75 Pegawai KPK Laporkan Seluruh Pimpinan ke Ombudsman, Sebut Ada 6 Indikasi Maladministrasi

Rabu, 19 Mei 2021 – 16:04 WIB

Novel Baswedan (Foto: Istimewa)

Novel Baswedan (Foto: Istimewa)

JAKARTA, REQnews - Polemik 75 pegawai Komisi Pemberantasan Korupsi (KPK) yang tak lulus tes wawasan kebangsaan (TWK) sebagai syarat alih status sebagai ASN berbuntut panjang. Kini seluruh pimpinan KPK turut dilaporkan ke Ombudsman RI karena diduga melakukan maladministrasi. 

Perwakilan 75 pegawai KPK yang tak lolos TWK antara lain Direktur Pembinaan Jaringan Kerja Antar-Komisi dan Instansi (PJKAKI) Sujanarko, Kepala Bagian Perancangan dan Produk Hukum KPK Rasamala Aritonang, dan Ketua Wadah Pegawai KPK Yudi Purnomo.

Sujanarko baru selesai membuat laporan pada pukul 11.45 WIB. Sujanarko mengatakan pihaknya melaporkan proses TWK yang bermasalah.

 
 
"Hari ini saya mewakili 75 pegawai membuat pelaporan resmi terkait dengan proses TWK yang dilakukan KPK. Pengaduan untuk praktisnya hanya ditandatangani 15 pegawai yang TWK," ucap Sujanarko di kantor Ombudsman RI, Jalan HR Rasuna Said, Kuningan, Jakarta Selatan, Rabu 19 Mei 2021.


Sujanarko mengungkapkan ada enam indikasi maladministrasi yang dilakukan pimpinan KPK. Ia mengatakan akan menyampaikan hasil kajiannya lebih lanjut.

"Nanti laporannya kita sampaikan ke teman-teman sekalian. Dari kajian kita ada banyak sekali maladministrasi yang sudah dilakukan KPK, baik penerbitan SK-nya, prosesnya, dari sisi wawancara hampir ada 6 indikasi yang kita sampaikan pimpinan KPK telah melakukan maladministrasi," ujarnya.

Sementara Ketua Ombudsman RI M Najih mengatakan akan menindaklanjuti laporan itu. 

"Kami tentu akan mendalami sesuai prosedur dan kewenangan yang dimiliki Ombudsman. Nanti akan mengambil langkah-langkah yang kami pentingkan adalah bagaimana proses ini bisa menyelesaikan dengan baik. Bahwa kita harapkan masalah ini bisa diselesaikan dengan tidak gaduh sehingga semua pihak mendapatkan solusi baik dalam rangka untuk meningkatkan kualitas pemberantasan korupsi," katanya.

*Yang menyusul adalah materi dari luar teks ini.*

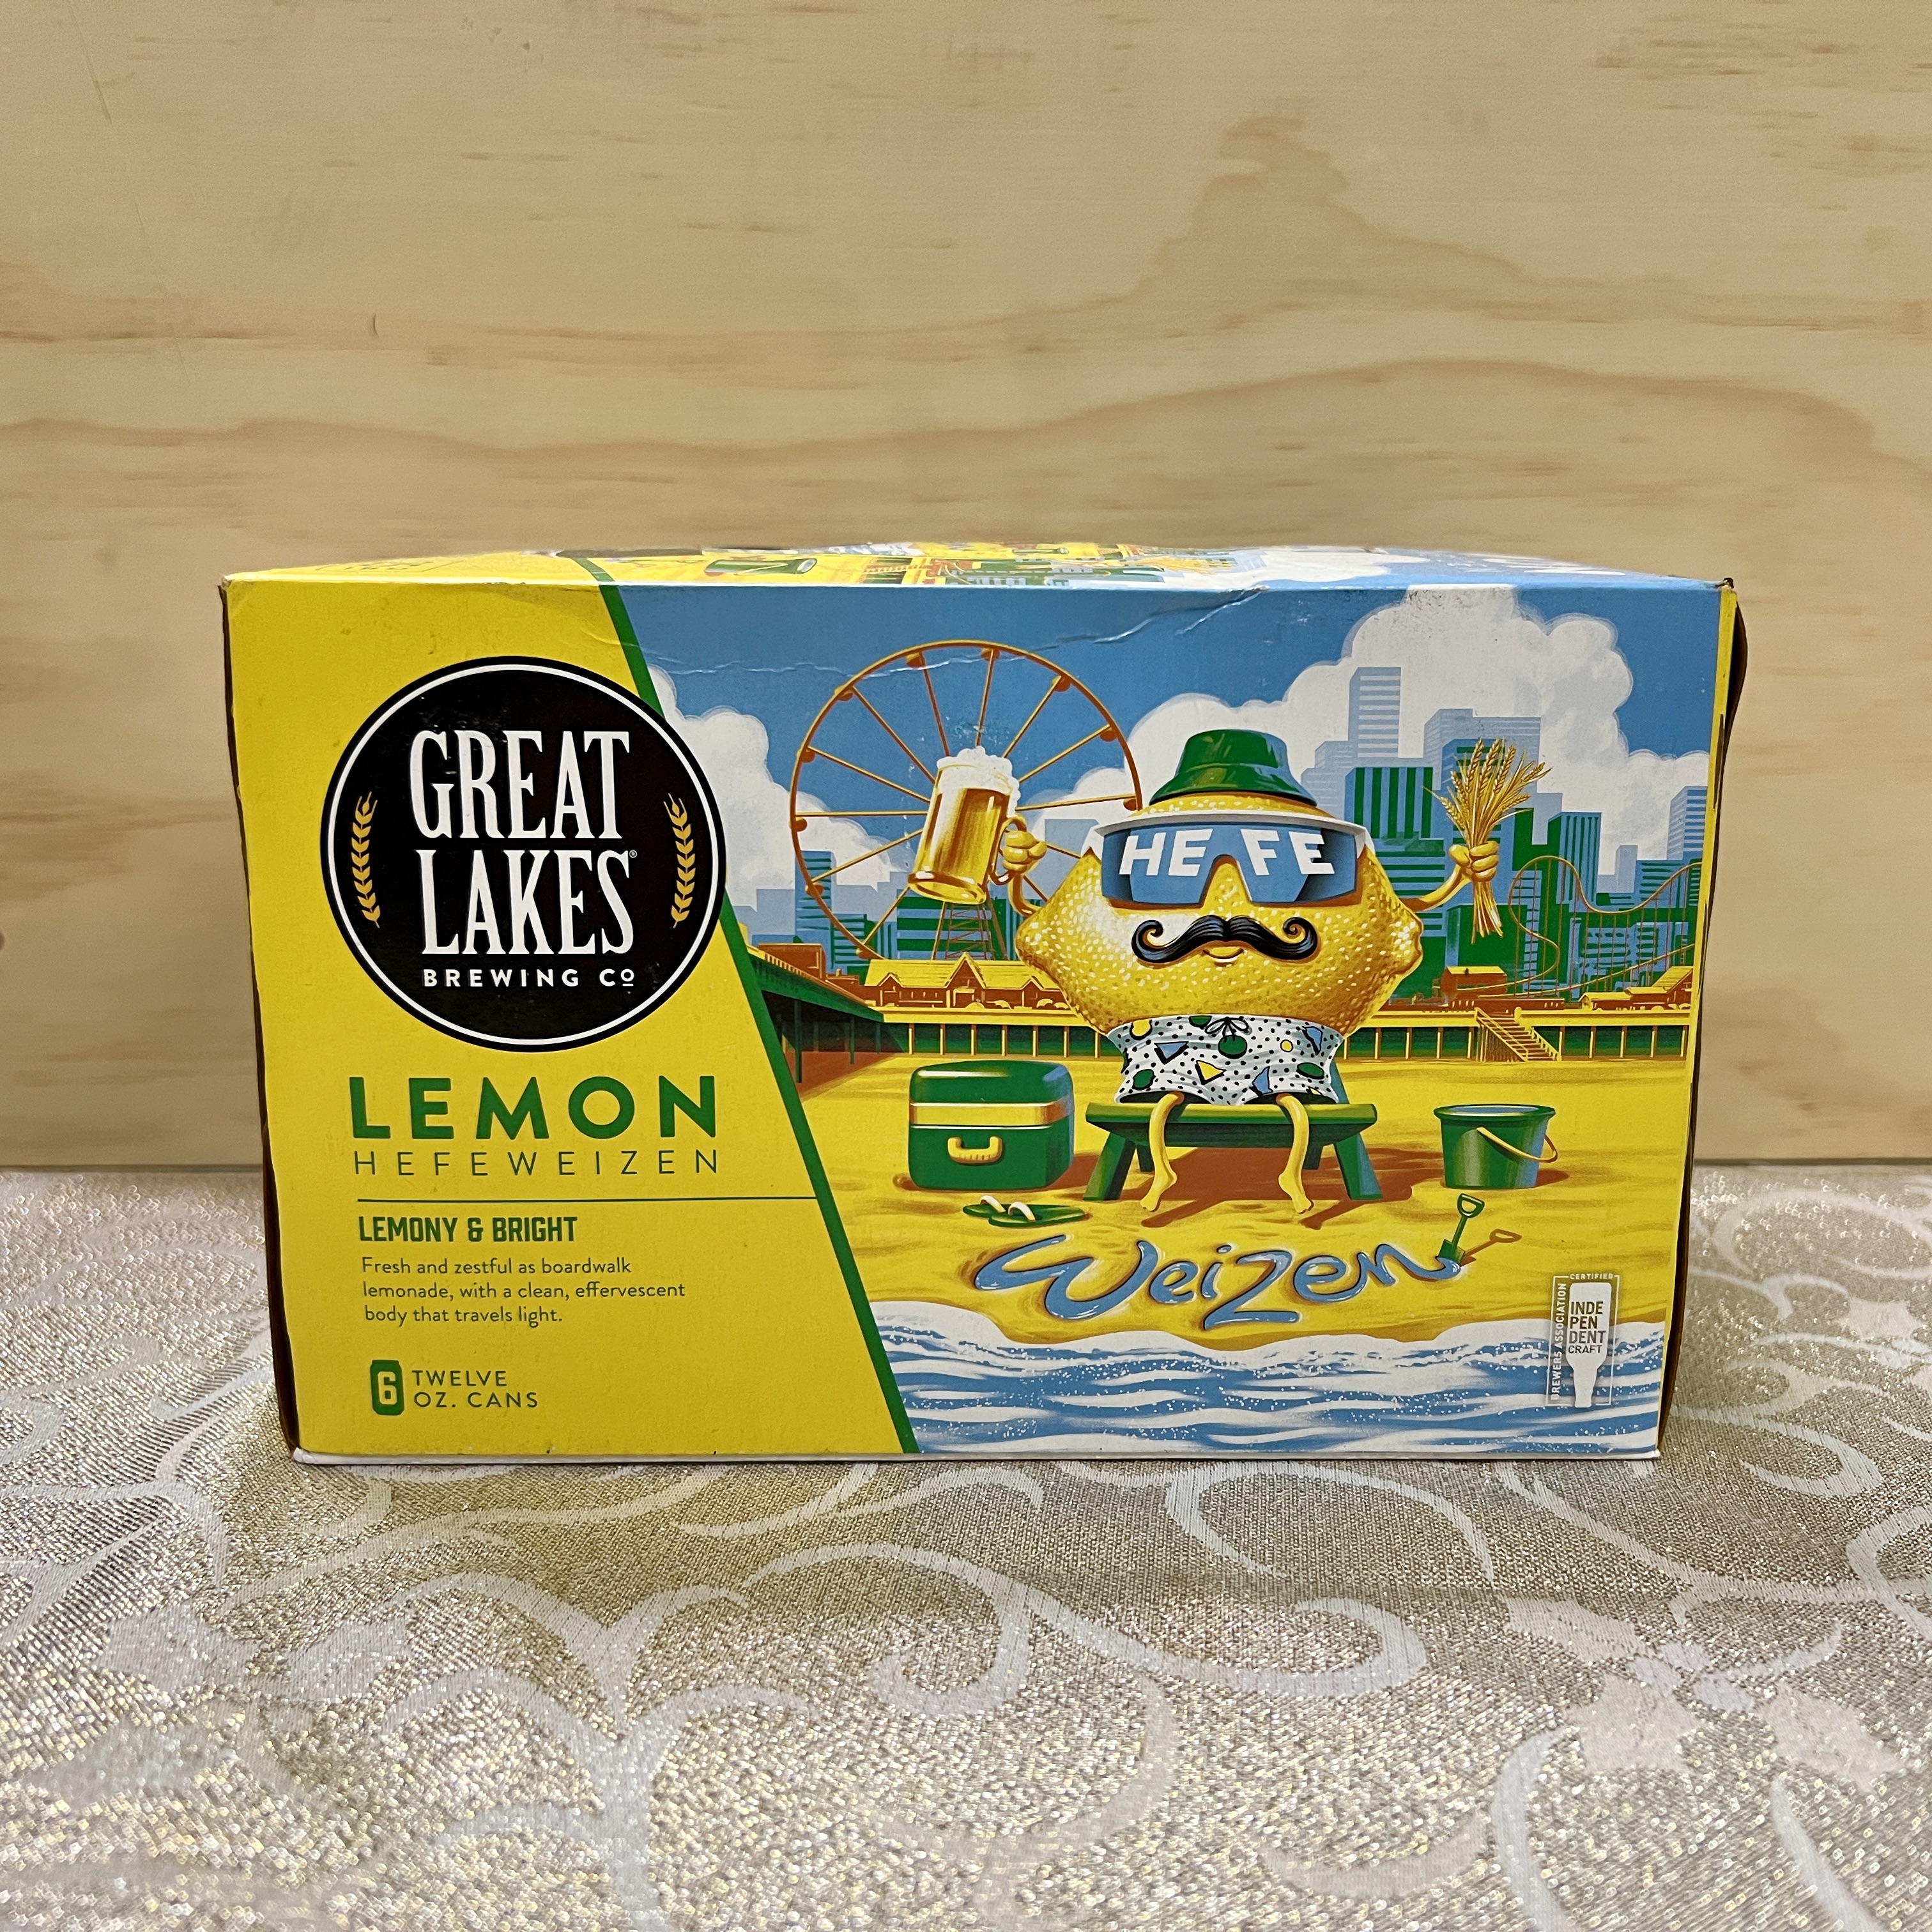 Great Lakes Lemon Hefeweizen 6 x 12oz cans

Seperti diketahui, Novel Baswedan dkk telah melaporkan dugaan pelanggaran etik tersebut pada siang tadi di Gedung Anti-Corruption Learning Center (ACLC) KPK yang juga kantor Dewan Pengawas (Dewas) KPK, Jalan HR Rasuna Said, Jakarta Selatan. Hadir juga Kepala Satuan Tugas Pembelajaran Internal KPK Hotman Tambunan mendampingi Novel dan yang lainnya.

Hotman menjelaskan pelaporan itu dilakukan karena ada tiga hal, yang pertama yakni soal kejujuran soal TWK. Kedua adalah soal pertanyaan yang ada di TWK, yang dinilai melecehkan perempuan.

Menurut mereka, hal ini tidak sewajarnya terjadi dan hal ini menyangkut dengan integritas suatu lembaga negara. Sedangkan alasan ketiga adalah terkait kesewenangan pimpinan KPK terhadap putusan MK terkait pertimbangan TWK tidak boleh merugikan pegawai KPK. Namun nyatanya, kata Hotma, hal itu malah terjadi dan tidak sesuai dengan SK 652 soal penonaktifan pegawai.

"Semua pimpinan karena sebagaimana kita ketahui SK 652 yang ditandatangani oleh Bapak Firli Bahuri dan kita berpikiran itu kolektif kolegial sehingga semua pimpinan kami laporkan," ucap Hotman.